Build the user interface for transparency. Develop a user interface that clearly displays the AI's findings, including the specific image features that contributed to its analysis. This transparency empowers clinicians to critically evaluate the AI's output and incorporate it into their decision-making process.
Create channels for continuous feedback and improvement. Establish a feedback loop where clinicians can provide feedback on the AI's performance, allowing for continuous improvement of the model's accuracy and clinical utility.
Step 4. Ongoing monitoring and improvement is essential to maintain safety and effectiveness.
Why it matters:
The case of Google Health's AI model for diabetic retinopathy screening demonstrates the importance of ongoing monitoring and improvement. Initially, the model showed high accuracy in detecting the disease from retinal images. However, when deployed in real-world clinical settings in Thailand, the model's performance dropped significantly due to differences in image quality, camera types, and patient demographics.
Practical approach:
Conduct regular audits and ongoing monitoring. Establish a robust monitoring and auditing system to track the AI's performance in real-world clinical settings. This includes regularly reviewing the model's accuracy, identifying potential biases, and detecting any degradation in performance over time.
Set performance metrics and reporting mechanisms. Track and report key performance metrics, such as sensitivity, specificity, and positive predictive value, to ensure the AI maintains a high level of diagnostic accuracy.
Build in adaptive learning and algorithm retraining. Implement mechanisms for the AI to continuously learn from new data and feedback. This allows the model to adapt to evolving medical knowledge and maintain its effectiveness in the face of new disease patterns or imaging techniques.
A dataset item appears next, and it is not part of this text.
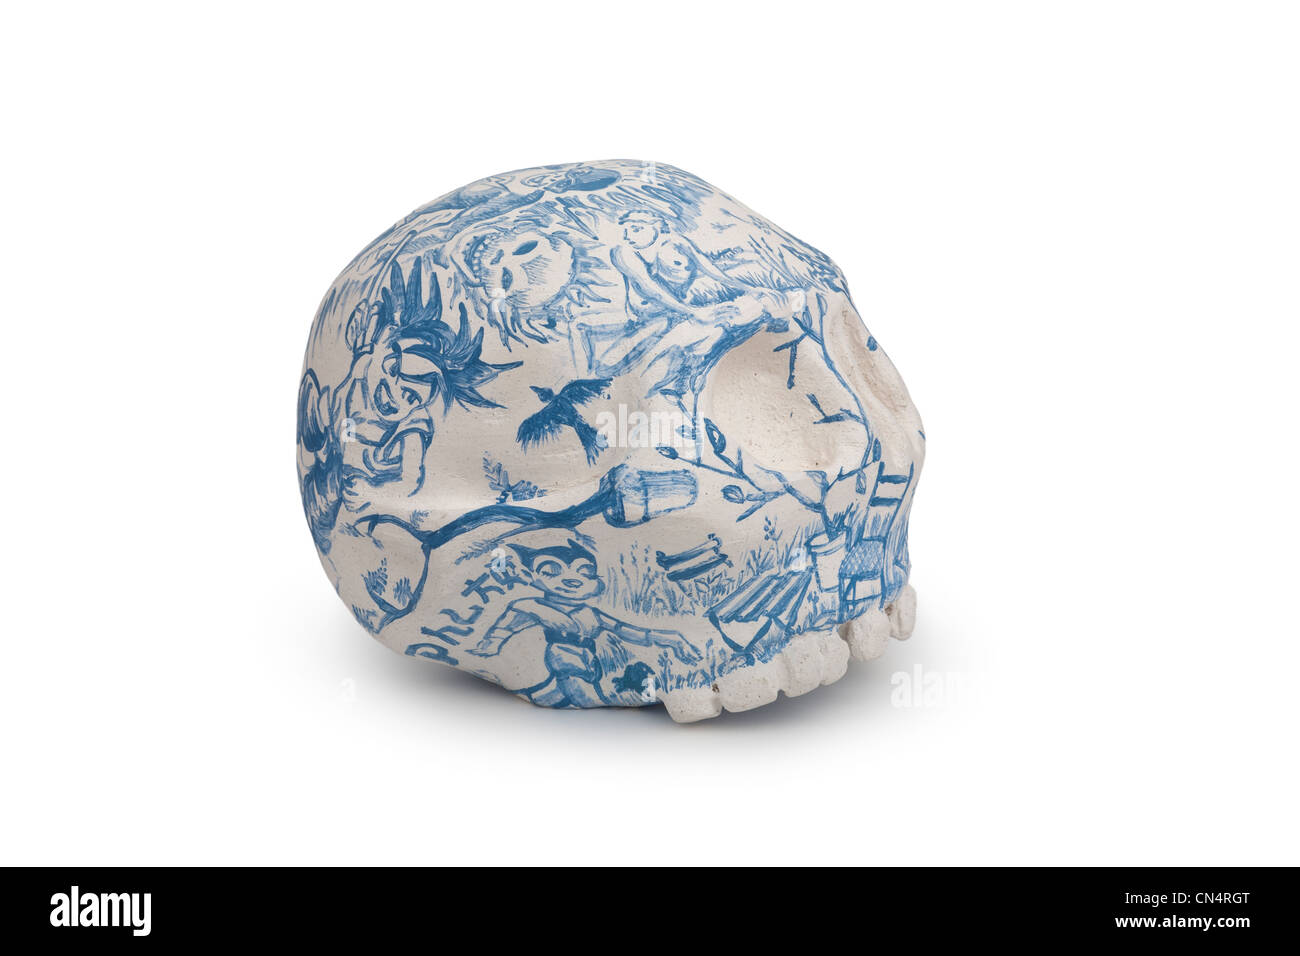 Un teschio umano scultura a forma di Jacques gallone, ceramista. Sculture en forme de crâne humain du céramiste Jacques gallone. Foto Stock

Honoring Henrietta Lacks' legacy through ethical AI
By prioritizing bioethics in AI development for healthcare, we honor Henrietta Lacks and others whose contributions to medicine deserve respect. Every data point represents a person, a life, and a trust we must uphold. This isn't just about compliance; it's about building a trustworthy future where AI empowers clinicians, improves outcomes, and ensures equitable treatment for all.